Генри вдруг ухмыльнулся.
— У нас хорошо получается.
— У нас хорошо получается это. — Я схватила его за рубашку и потянула в спальню. — Но, надеюсь, не слишком хорошо. Мне очень нравится с тобой спорить. Особенно мне нравится часть примирения с поцелуями.
Совершенно неожиданно Генри подхватил меня на руки и ухмыльнулся.
— Солнышко, поцелуи — не часть примирения. — Он бросил меня, и я ахнула от удивления, подпрыгнув на кровати. В предвкушении, я наблюдала как Генри практически сорвал с себя рубашку, отшвырнул ее и забрался на кровать, поднимаясь вверх по моему телу. Его глаза горели.
— Вот это часть примирения.
— Но мы же не спорили. — поддразнила я.
— Это не имеет значения, — сказал Генри хриплым голосом, медленно расстегивая молнию на брюках. Искры удовольствия покалывали между моих ног.
— Я собираюсь как следует тебя трахнуть. — Он скользнул пальцами под пояс моих штанов для йоги и трусиков и потянул.
— А потом займемся любовью? — спросила я, задыхаясь, когда он снял с меня одежду.
— Кто-то сказал мне однажды, что трах может быть чем-то большим, чем просто трахом.
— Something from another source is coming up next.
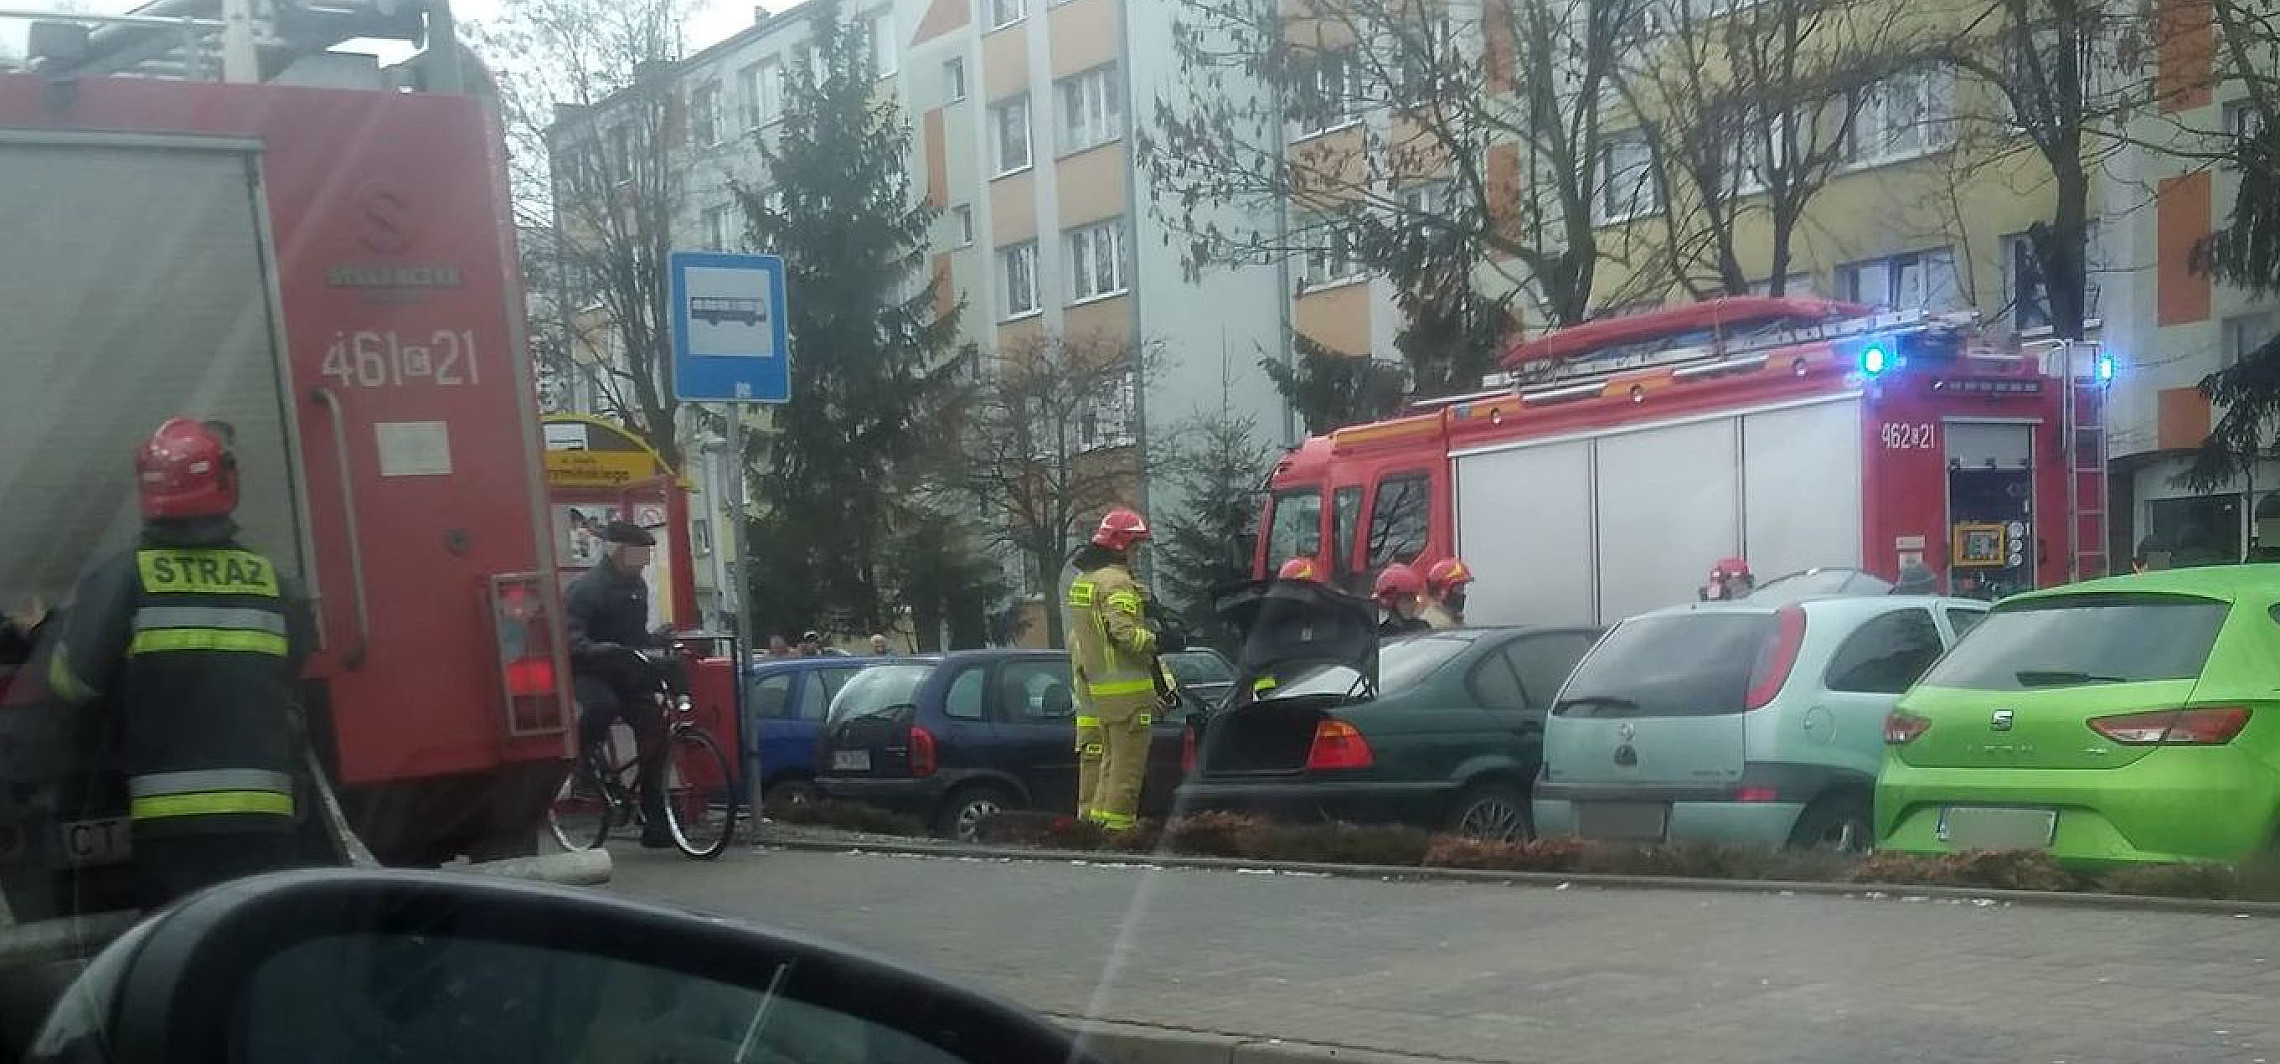 Inowrocław - Pożar samochodu na Rąbinie

Трахать, сосать, лизать, трогать, хватать, щупать… — он ласкал внутреннюю сторону моих бедер, направляясь к конечной цели своего исследования. — С тобой это всегда занятие любовью.
Я тихо рассмеялась, изумленно качая головой.
— Ты такой приятный собеседник.
Он одарил меня убийственной улыбкой, его глаза были настолько переполнены счастьем, что я задрожала от легкого приступа головокружения.
— Это тоже правда.
— Знаю, — я потянулась, чтобы обхватить его лицо ладонью, — и верю тебе.